▸ **INFORMATION PROVIDED**

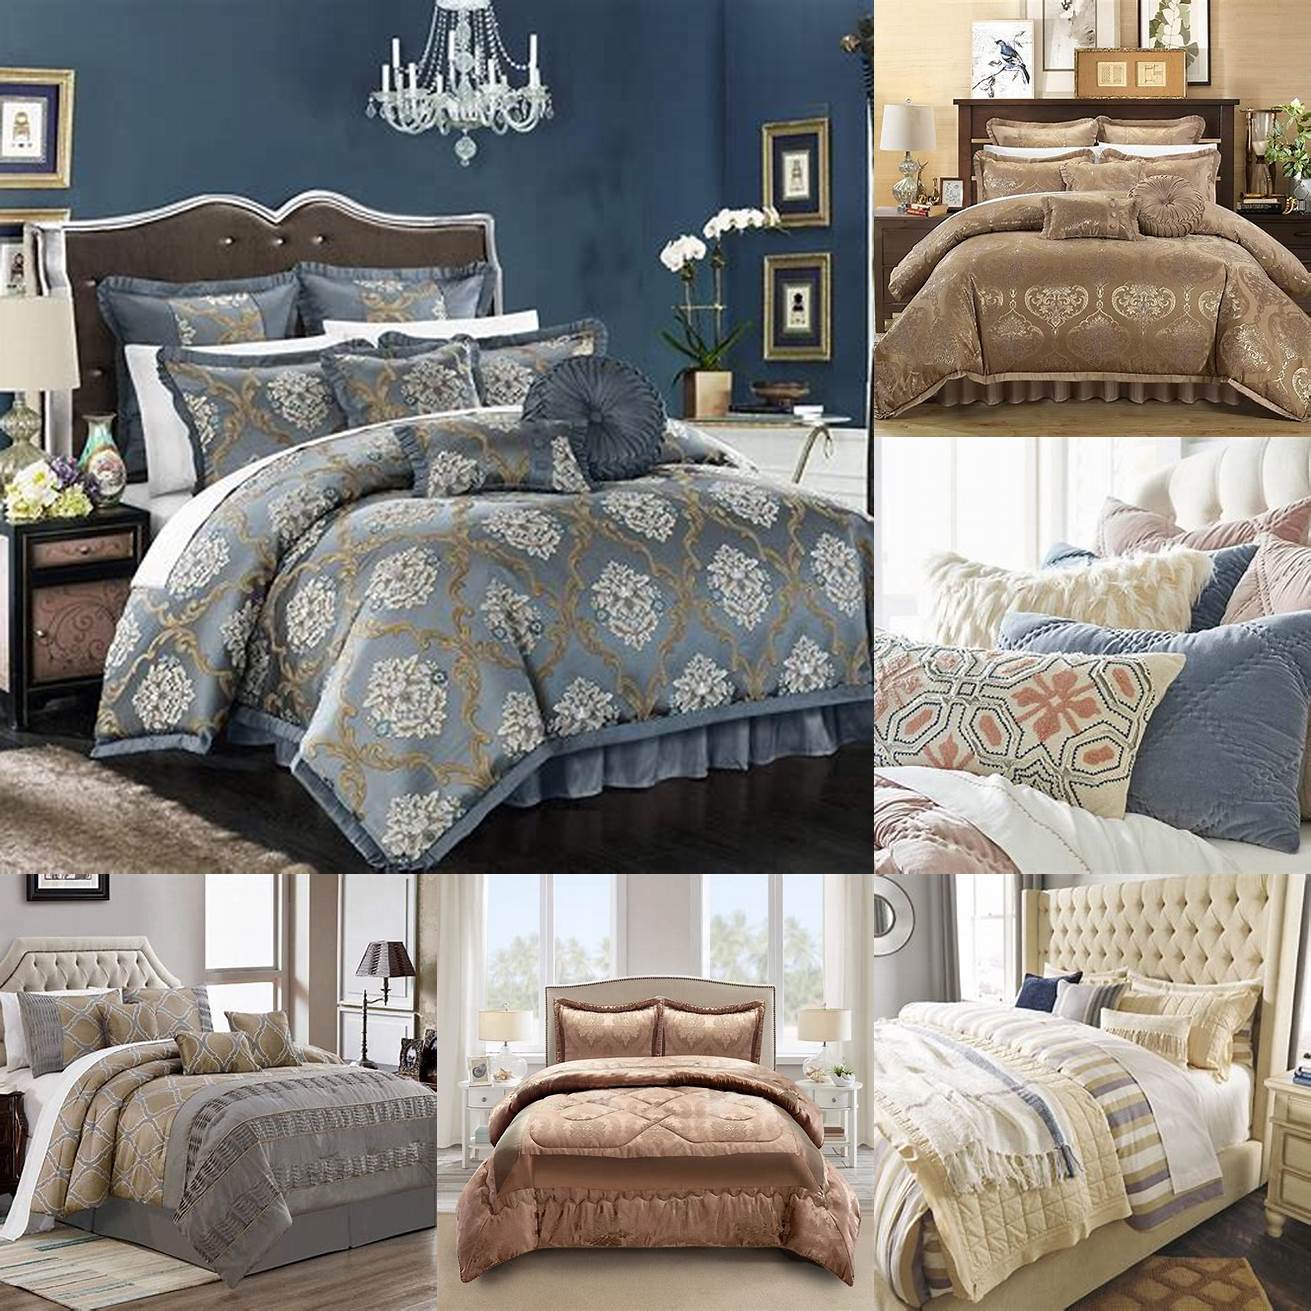 Choose bedding and accessories that complement your upholstered bed such as throw pillows or a matching bedspread
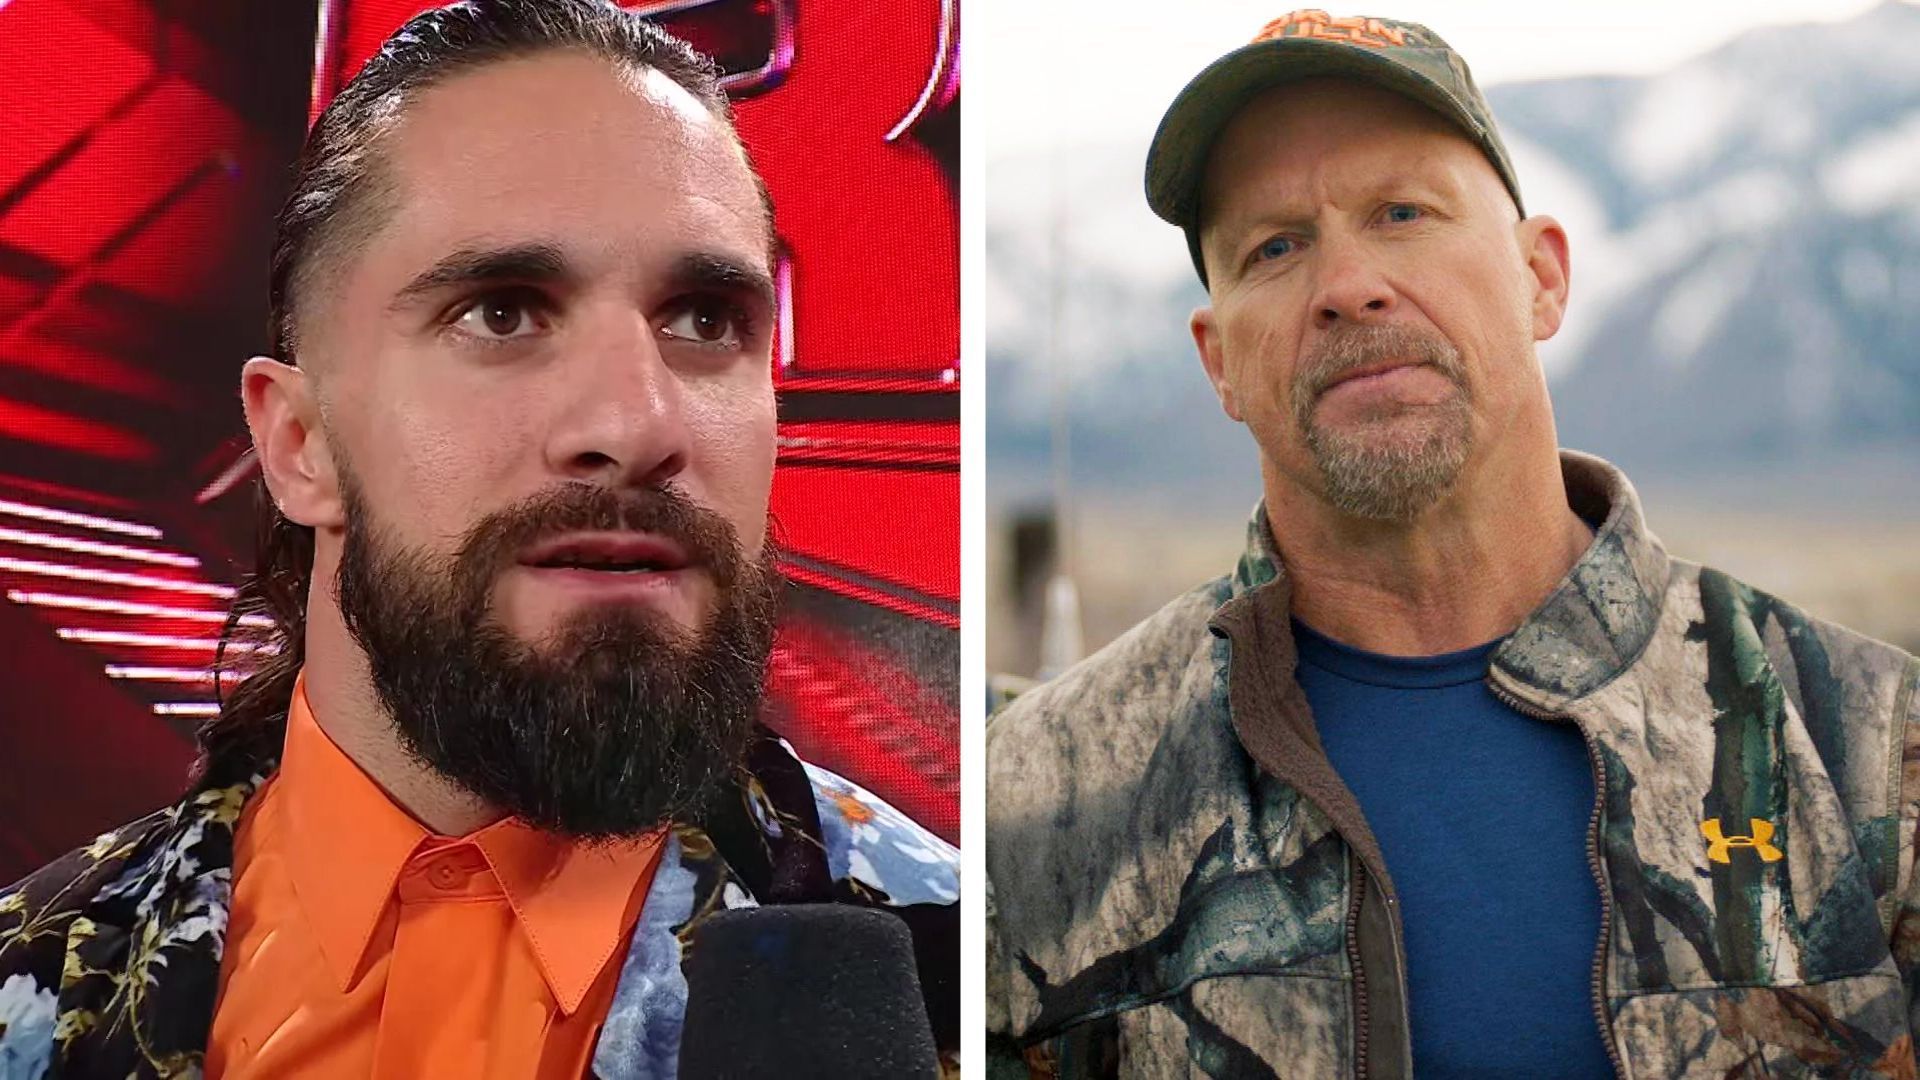 Could Seth Rollins have a match with Stone Cold Steve Austin?
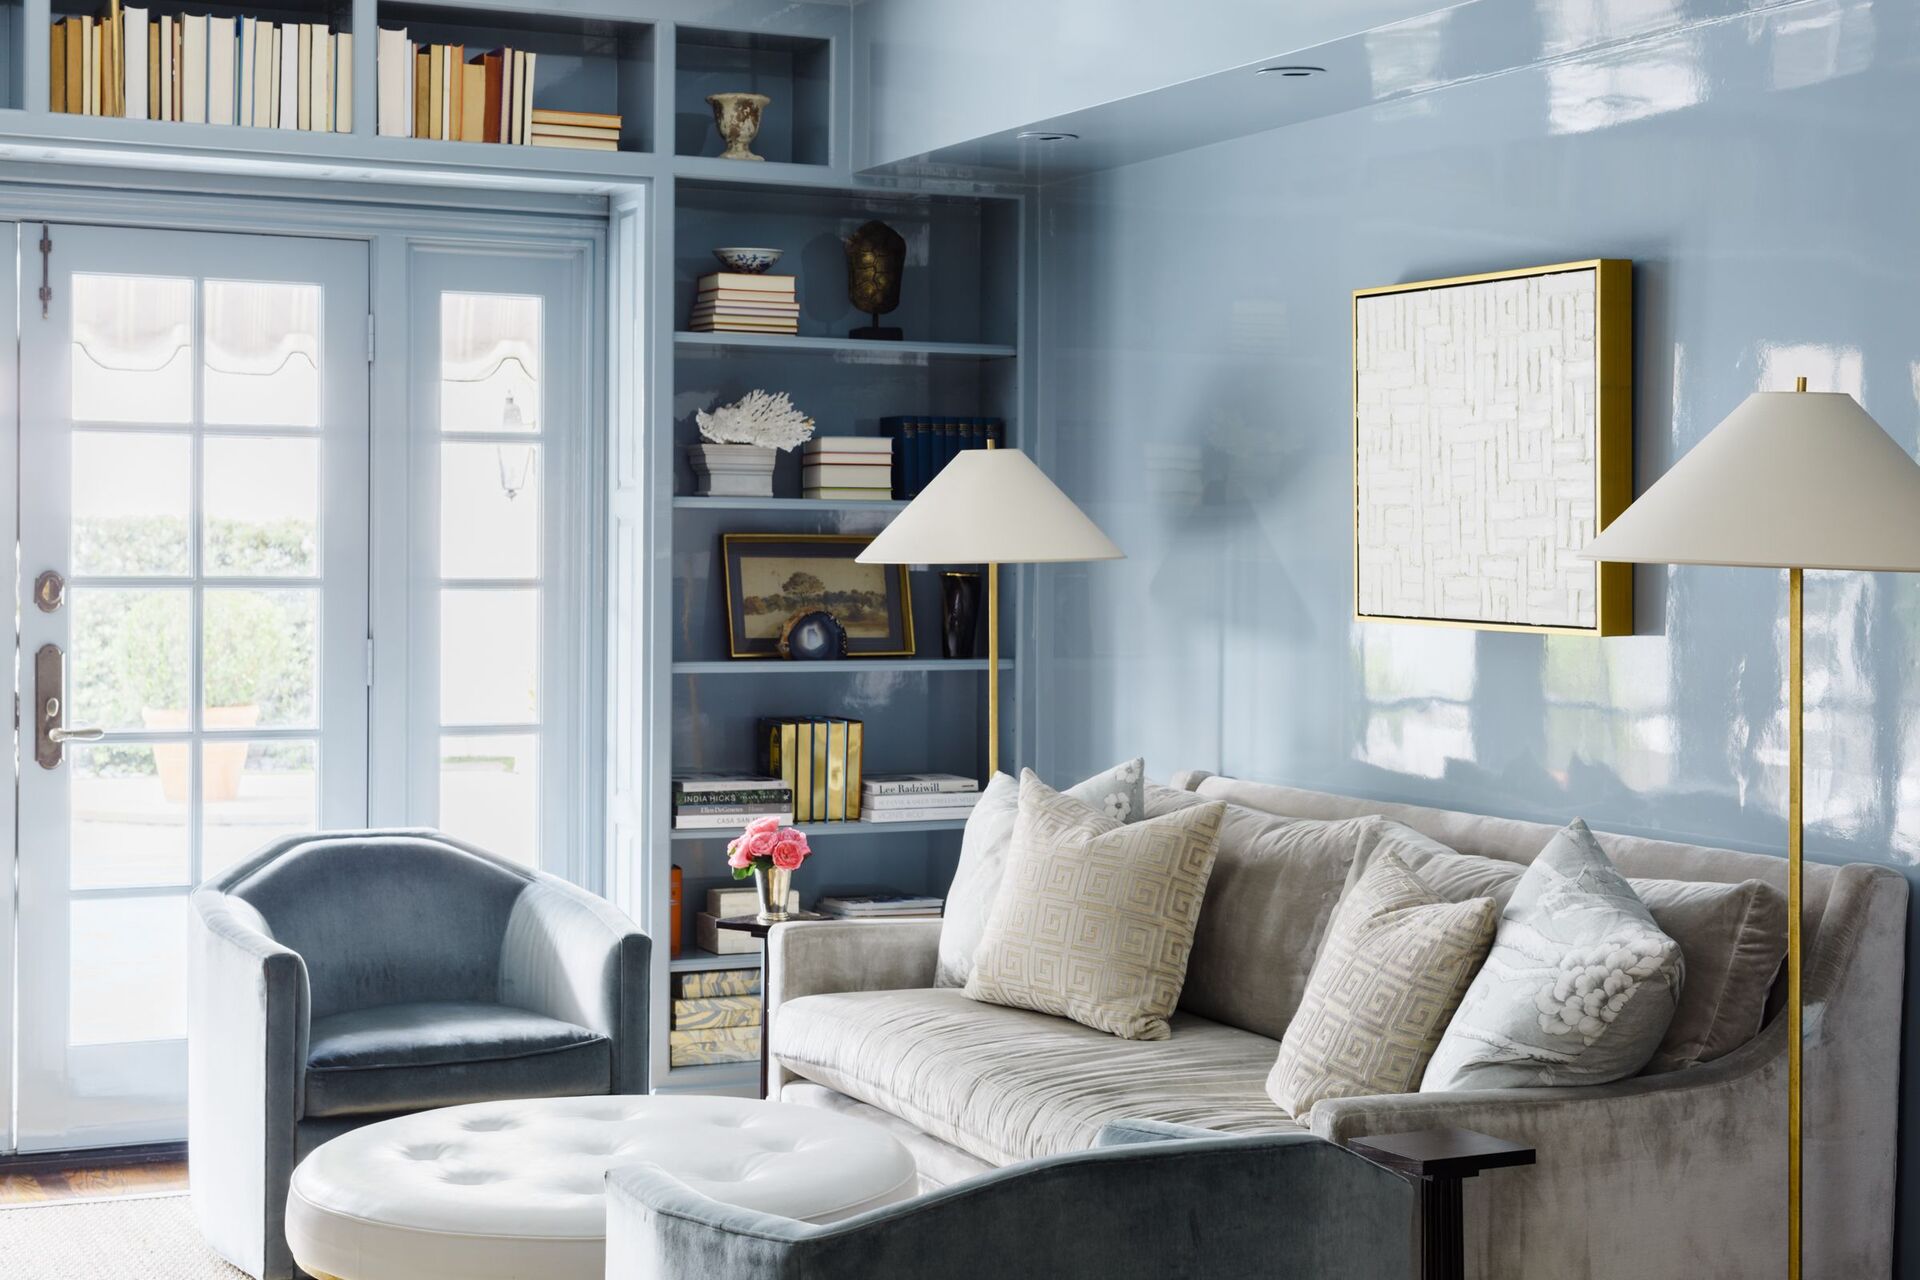 Quick And Easy Paint Projects: 10 Speedy And Stylish Ideas

▸ **WHAT IS BEING ASKED**
Each line above is to be copied verbatim. Drop any image from the copy.

▸ **EXERCISE RESPONSE**
 Choose bedding and accessories that complement your upholstered bed such as throw pillows or a matching bedspread
 Could Seth Rollins have a match with Stone Cold Steve Austin?
 Quick And Easy Paint Projects: 10 Speedy And Stylish Ideas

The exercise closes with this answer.